Dieci dischi per gli anni Dieci: Marco Belardi

Oltre un anno fa si è concluso il decennio che mi ha riavvicinato al metal. Perciò, nel far mente locale su quali dischi siano stati più attesi, rappresentativi o dolorosi, non solo lo rileggo come un ottimo decennio, ma lo trovo indiscutibilmente superiore al precedente. Nella scelta dei dieci album ho scelto di non concentrarmi sull’underground, per non fare confusione o allucinanti rimescoloni, e per un motivo specifico che spiegherò adesso: a parer mio la musica continua a muoversi anche dopo l’anno zero che è stato il 2000. Abbiamo visto il blackgaze ed era impensabile anche solo razionalizzare un concetto simile fino a pochi anni prima, eppure i suoi ingredienti già se ne stavano in giro in attesa d’essere accoppiati. Abbiamo visto il djent, e il doom rinascere ed essere abbinato un po’ a qualsiasi cosa. Abbiamo visto il death metal riprendere vigore e forme parallele a quelle con cui era esploso, il boom dello stoner rock su un piano differente dai Kyuss e tanto altro ancora. La musica che però sento mia è questa, cazzo. Ormai sono un quarantenne ed è fisiologico che in me, e per me, faccia maggior rumore questa, piuttosto che movimenti, band ed album che di diritto appartengono a un’altra generazione. Per quanto i Power Trip e i Vektor siano roba recente, mi riportano la memoria a una reinterpretazione di qualcosa che più si lega alla musica che sento mia, quella figlia degli anni Ottanta e Novanta. E infatti loro due li ho tenuti dentro, assieme a tanti nomi storici che, nonostante le barbe stinte dal grigiore, profili social ai margini del concetto stesso d’imbarazzo e quegli orribili documentari che è usanza propinarci prima d’un album, negli ultimi dieci anni hanno saputo assestare colpi di coda ai quali non poteva certo seguire l’indifferenza. Complimenti a loro, dal primo all’ultimo.
BURZUM – Belus (2010)
L’ho ascoltato perché il Conte ritornava a suonare black metal, era ufficiale, era nell’aria, e quando uscì fui al suo cospetto il giorno stesso un po’ come lo sarei stato ai vecchi tempi: non s’ascolta il giorno seguente una roba così, si corre da lei. Due anni prima avevo provato una simile curiosità all’annuncio di Death Magnetic, un album che ho discretamente memorizzato pur ritenendolo stracolmo di difetti. Ma era un’altra materia, qui non si giocava sul terreno delle origini metallare e dei sentimenti, ma del punto al quale arrivi nel tuo percorso da metallaro. Rimasi deluso dalla voce, che già in Filosofem era profondamente mutata e che ancora mutava – ma non nella direzione sperata. Gli anni passavano e non si poteva concretamente sperare che le urla fossero le medesime, così strazianti, degli anni e dei fatti che precedettero e seguirono un Aske non a caso. Il black metal del Conte denudato dei fatti sanguinolenti e di fuoco dei primi Novanta, a riprova della sua assoluta efficacia anche sotto la semplice forma di musica estrema.

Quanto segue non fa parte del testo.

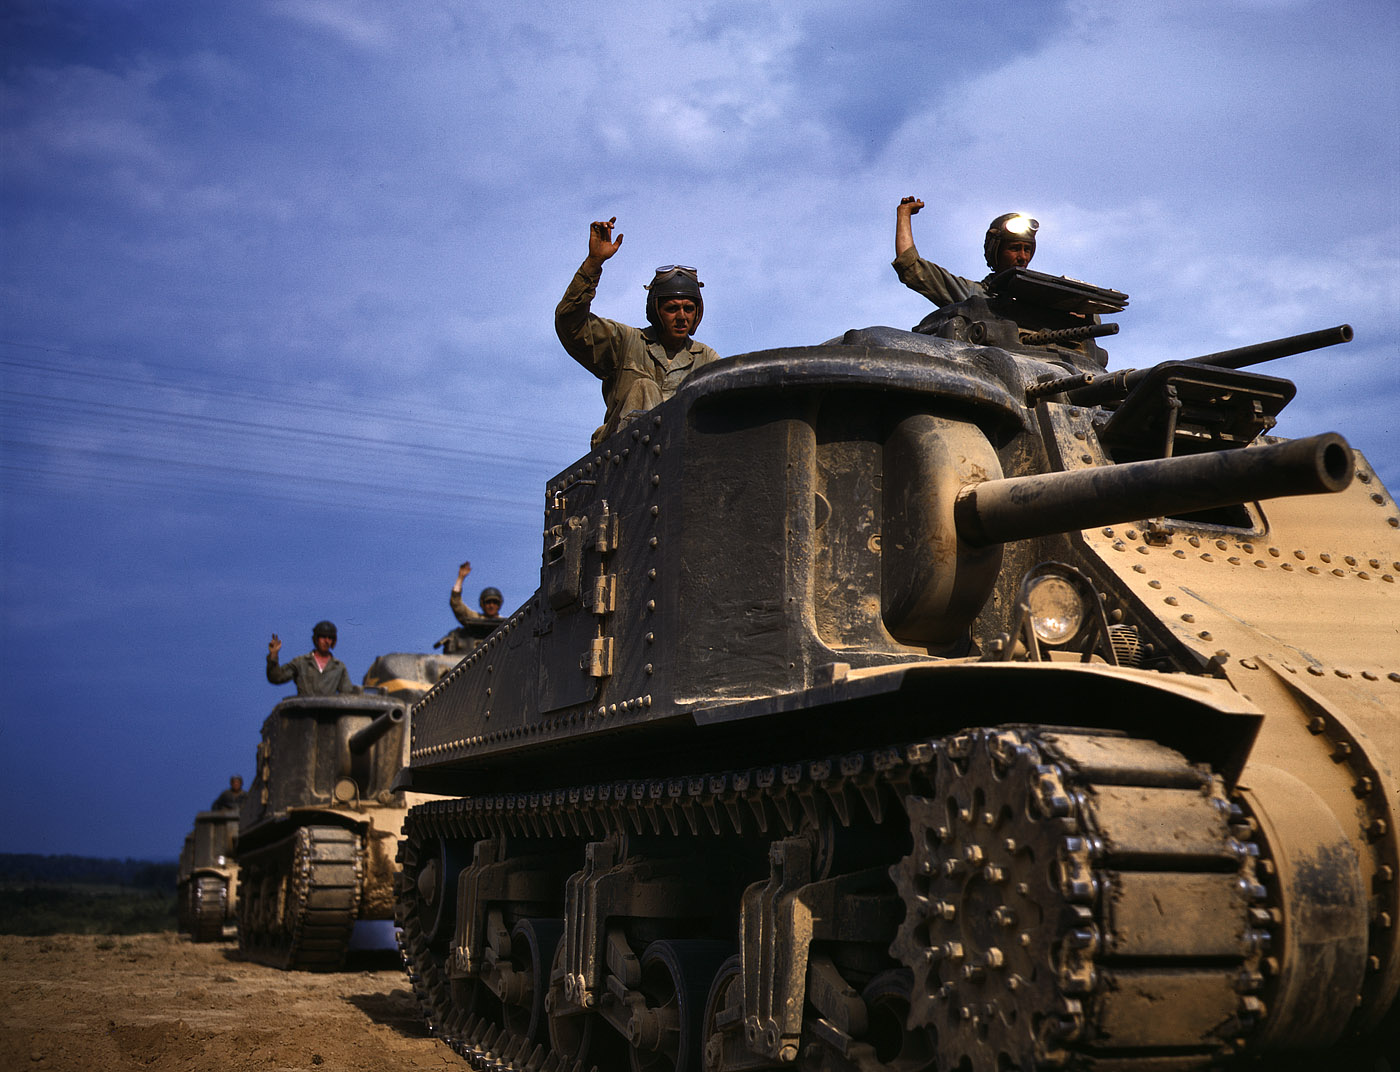 June 1942. M-3 tank crews at Fort Knox, Kentucky. View full size. 4x5 Kodachrome transparency by Alfred Palmer, Office of War Information.

PARADISE LOST– Tragic Idol (2012)
Preferisco dar priorità a questo e non a Worship Music, di poco più vecchio, laddove fu infilato a forza un cantante che non meritava di togliere il posto a chi quel posto l’aveva strameritato, fatto suo. Preferisco virare su tutt’altro genere, perché, affezionatissimo come sono ai Paradise Lost, tre anni prima m’avevano deliziato con l’incredibile title-track di Faith Divides Us sebbene all’interno del puzzle mancassero molti pezzi. Quel qualcosa di mancante si manifestò qui, come un fiume in piena. Tragic Idol è uno dei miei album preferiti dell’intera carriera della band inglese, un ipotetico successore di Draconian Times che mai vide la luce e che mi ha concesso di vivere il gruppo di Halifax come non avevo potuto fare, nella prima metà dei Novanta, per motivi strettamente anagrafici. Semplicemente adorai questa uscita, senza girarci attorno: vivere con entusiasmo l’uscita di un album metal a trent’anni. Ipotizzabile, possibile, fatto grazie a loro.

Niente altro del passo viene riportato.